[[ Data supplied, beginning ]]

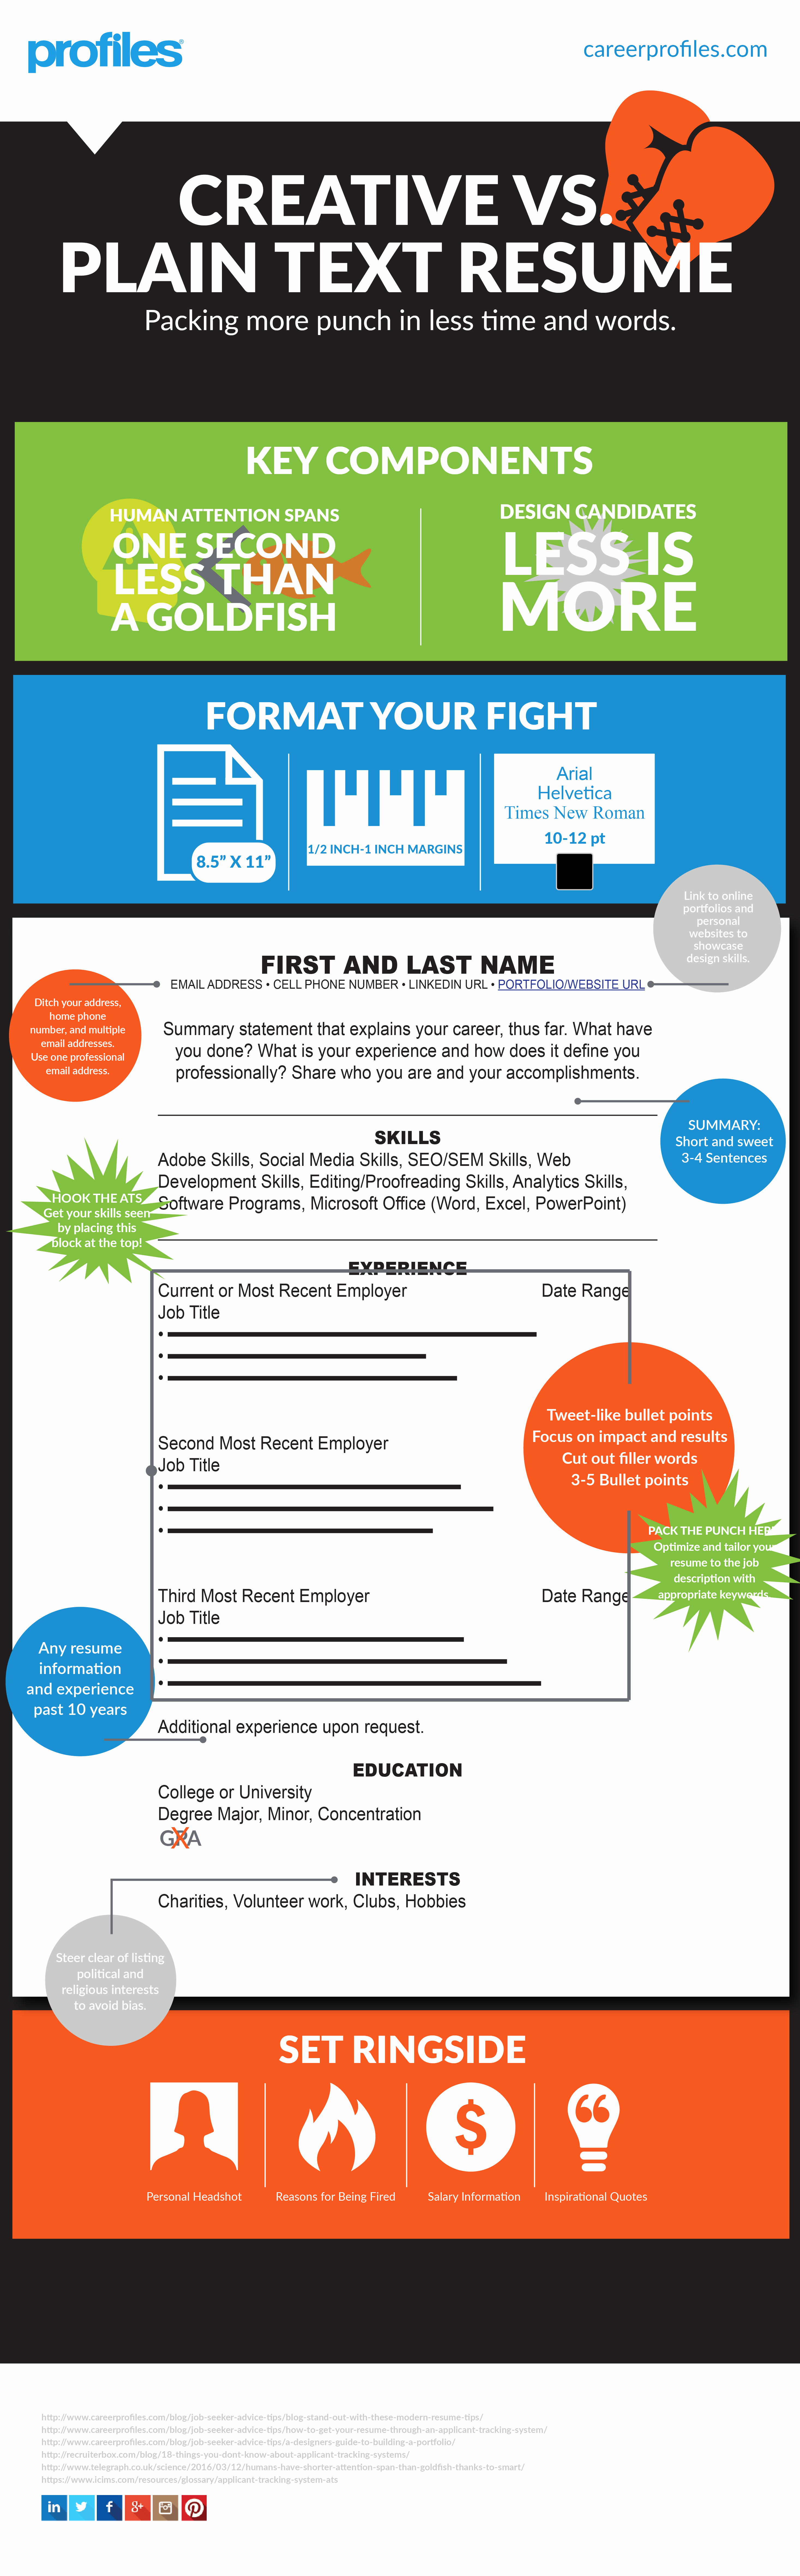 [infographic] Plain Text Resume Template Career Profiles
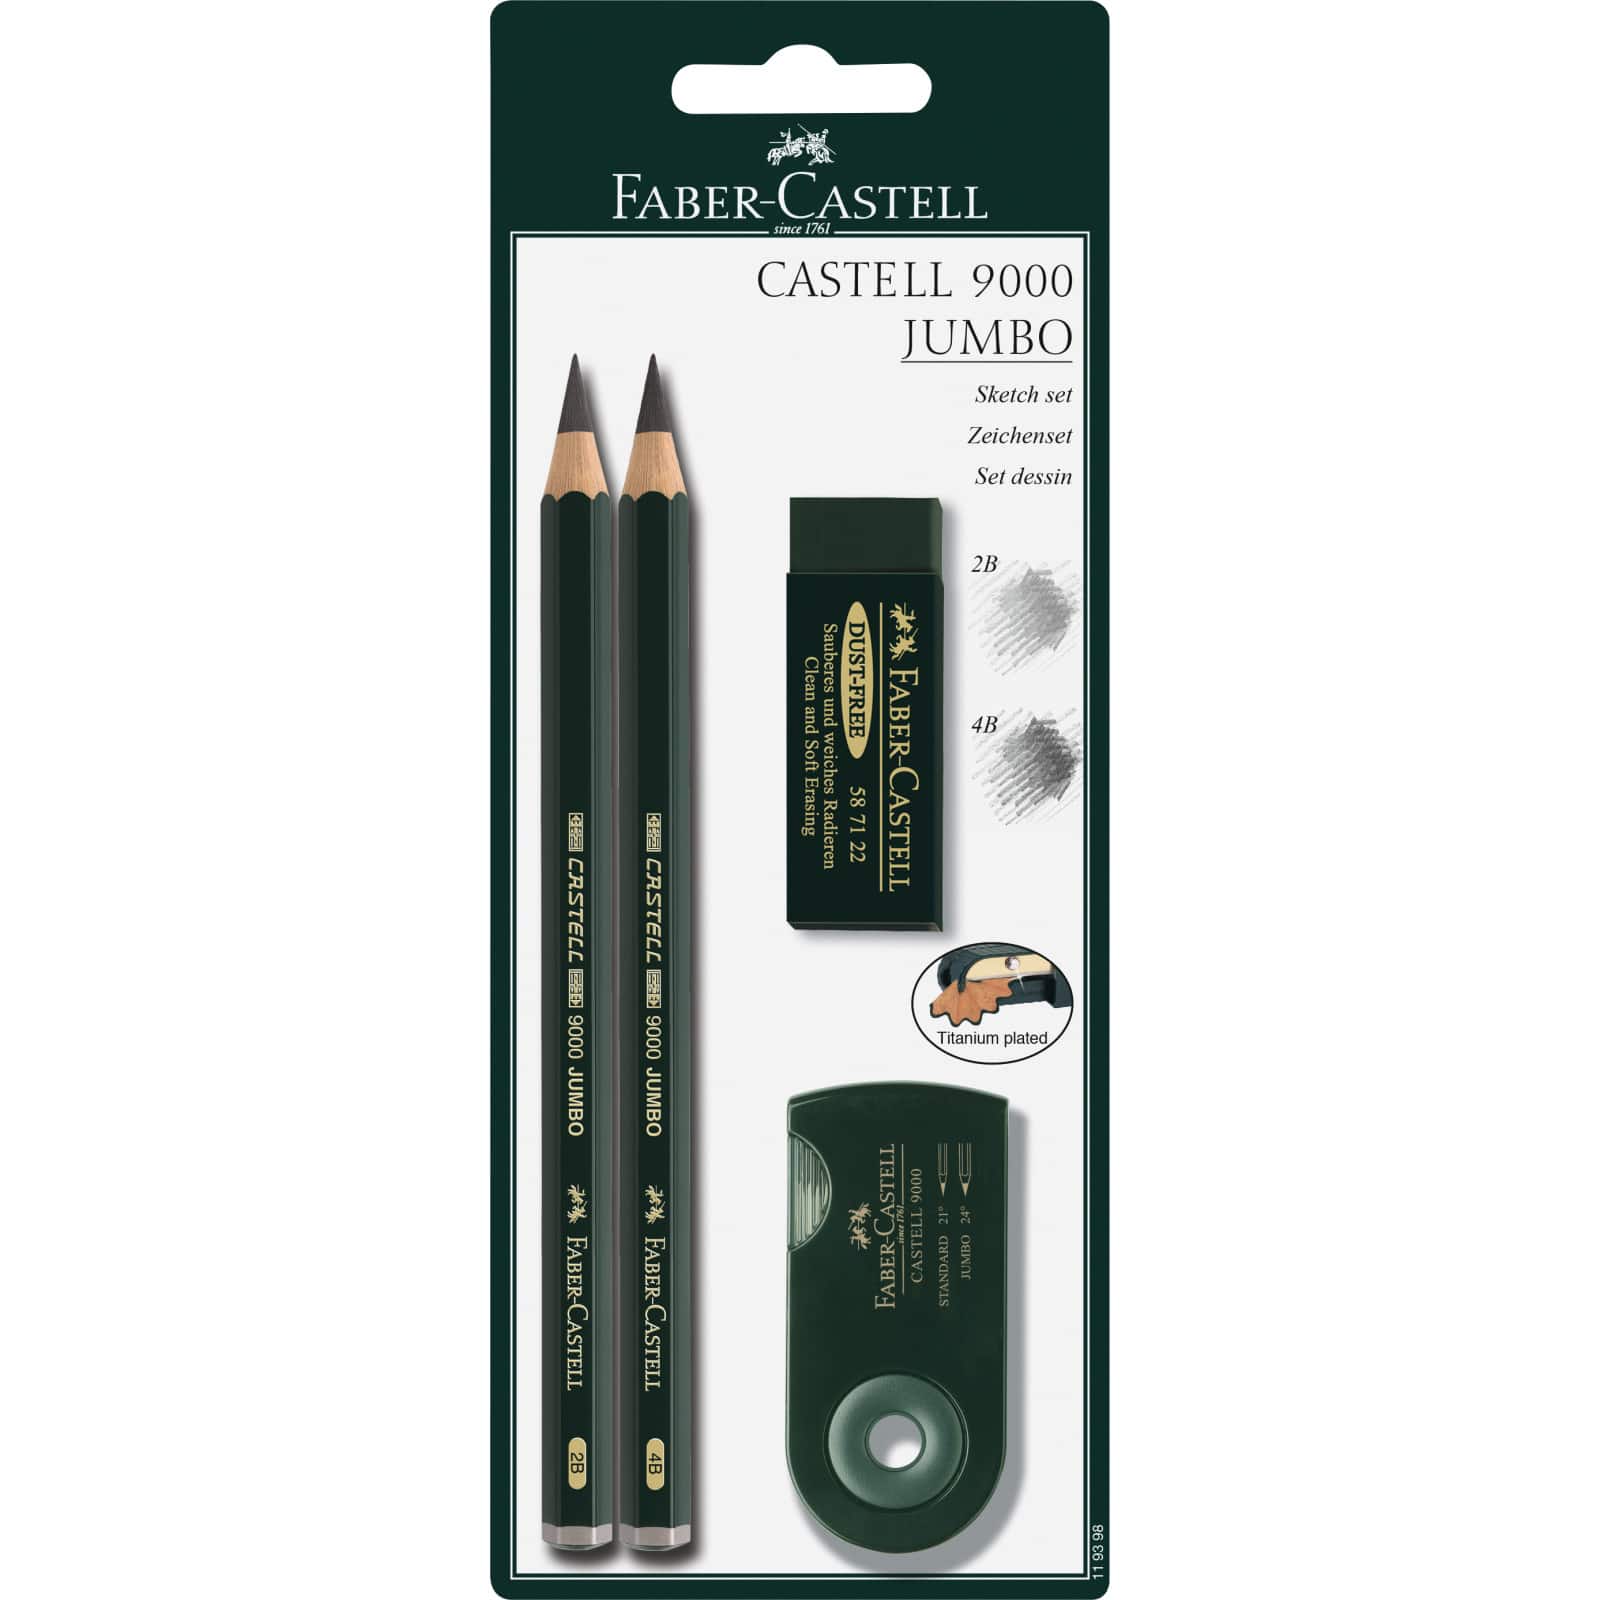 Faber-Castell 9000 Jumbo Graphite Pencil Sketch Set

[[ Data supplied, end ]]
[[ Data supplied, beginning ]]

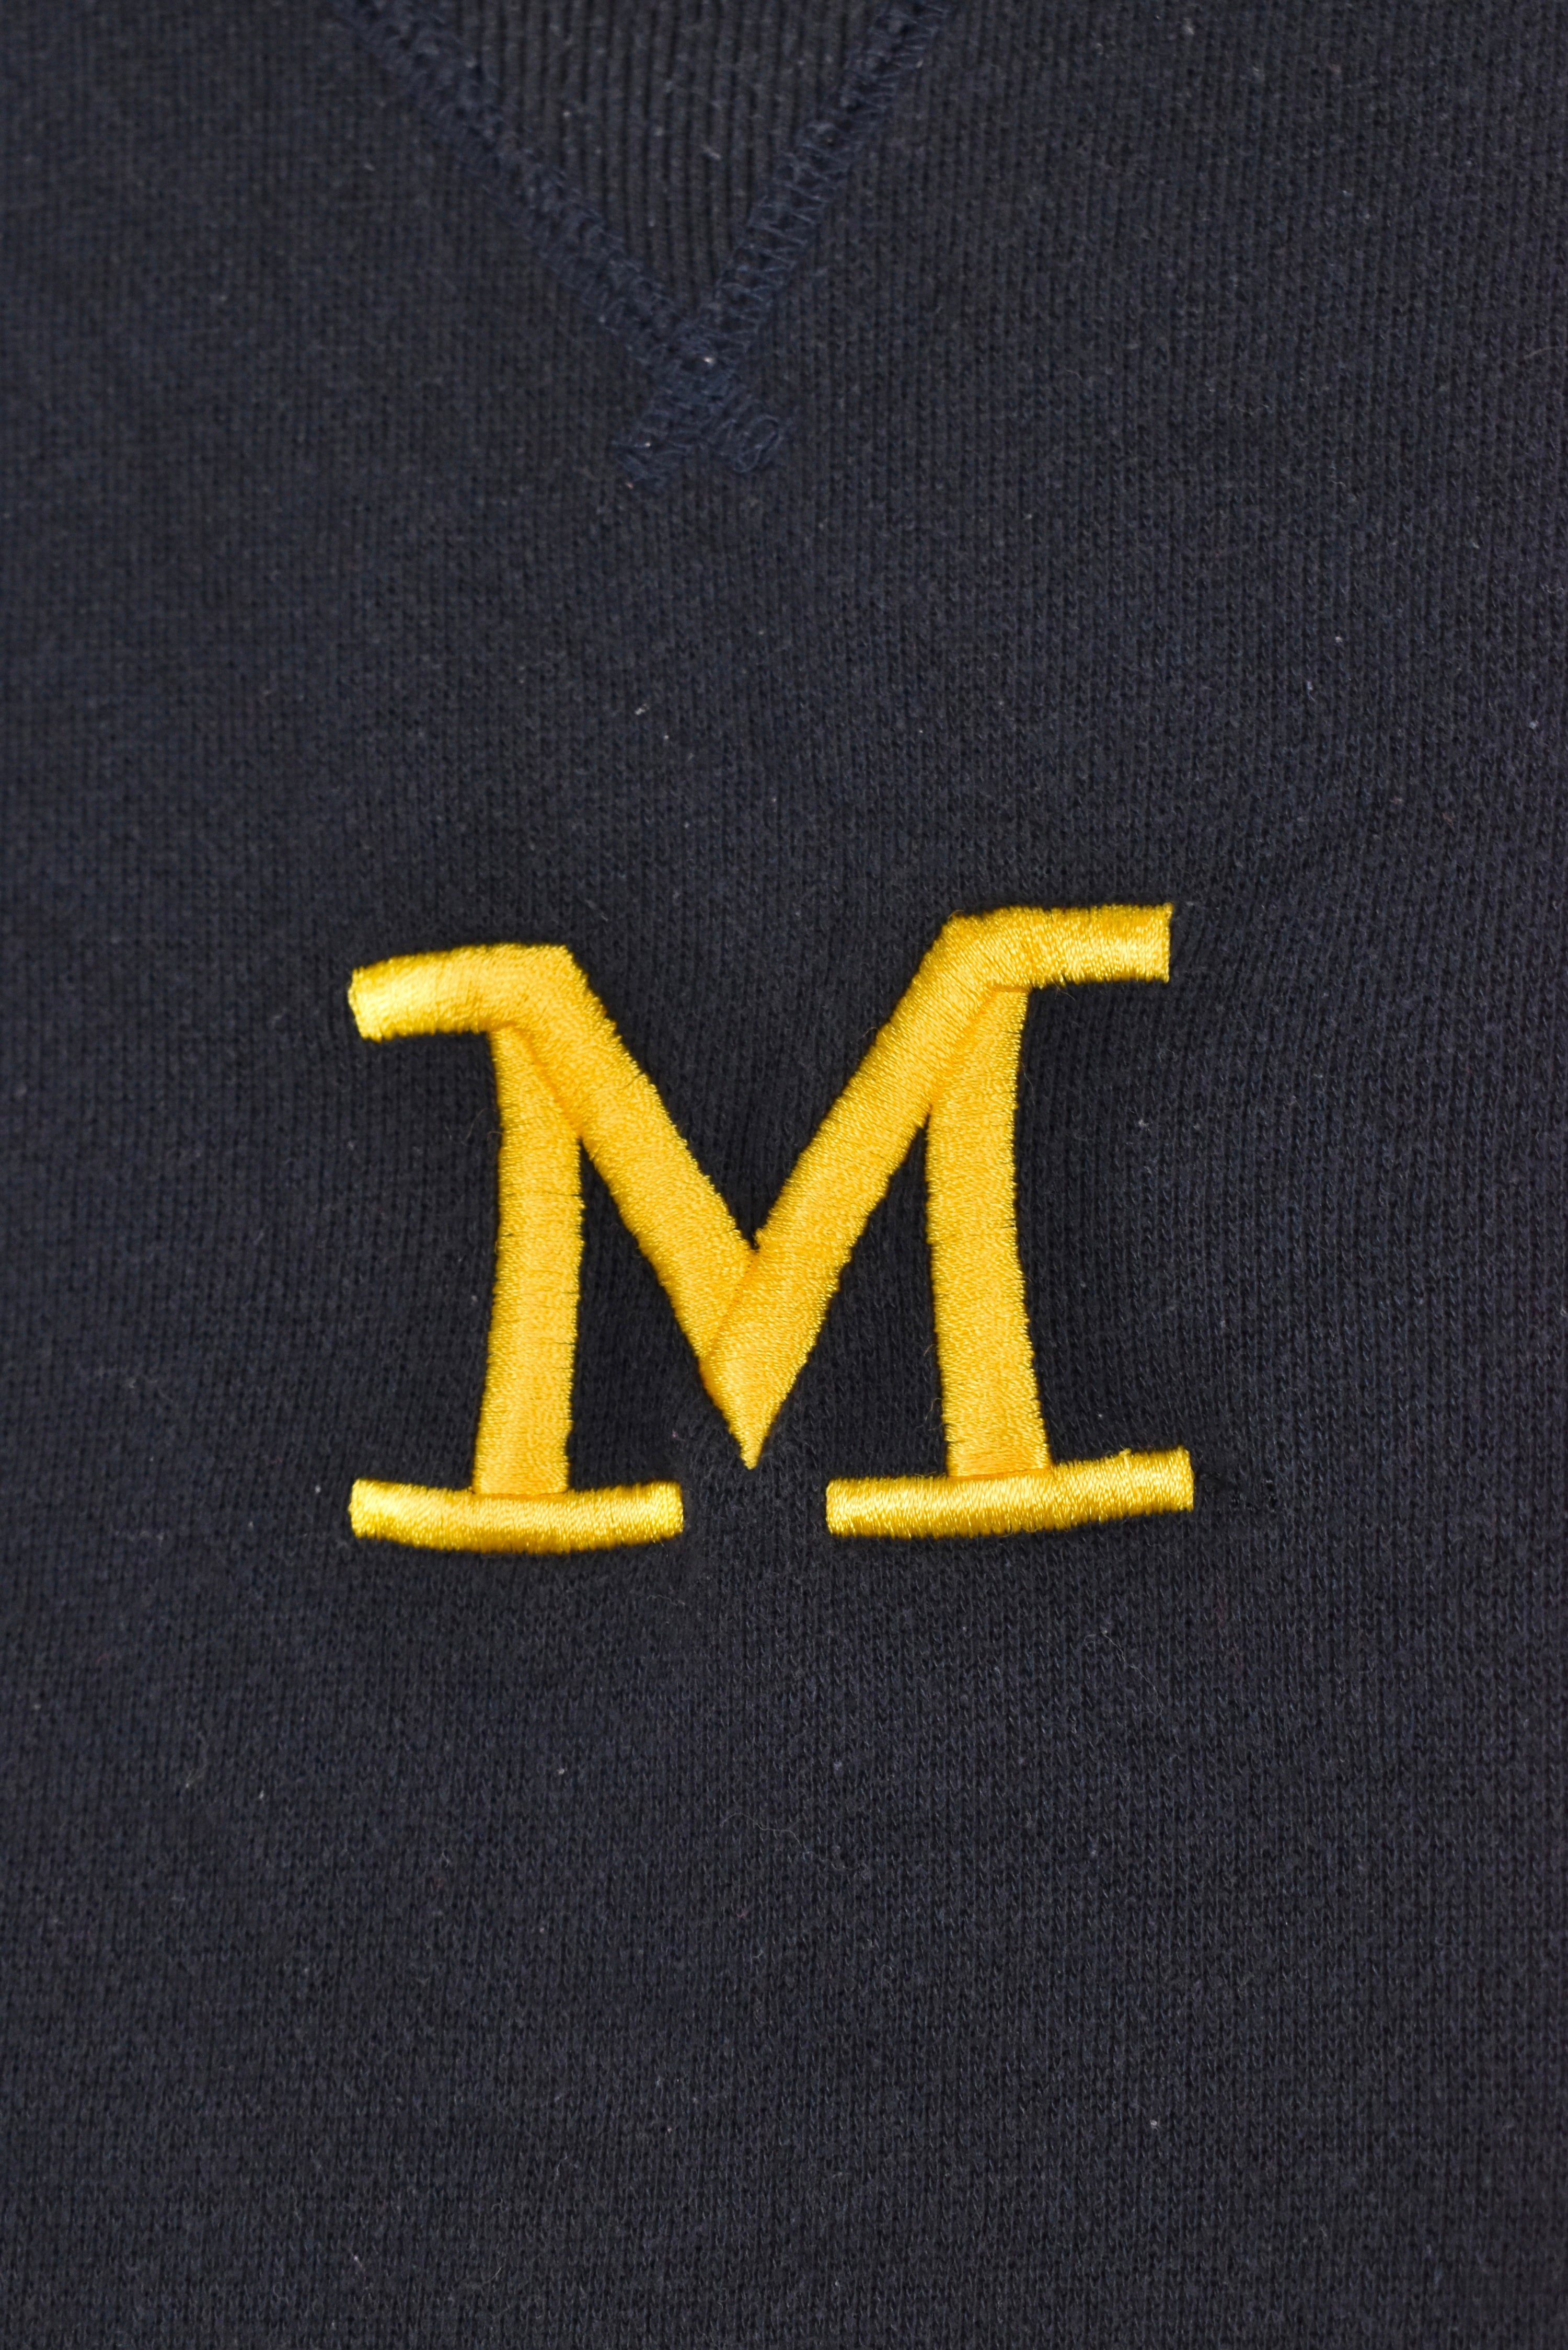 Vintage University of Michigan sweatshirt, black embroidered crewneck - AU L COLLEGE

[[ Data supplied, end ]]

To do:
For this exercise, set down the lines in the entries above from the one with "[infographic] Plain Text" through the one with "Faber-Castell 9000 Jumbo" exactly as written, without any pictures.

Response to this exercise:
 [infographic] Plain Text Resume Template Career Profiles
 Faber-Castell 9000 Jumbo Graphite Pencil Sketch Set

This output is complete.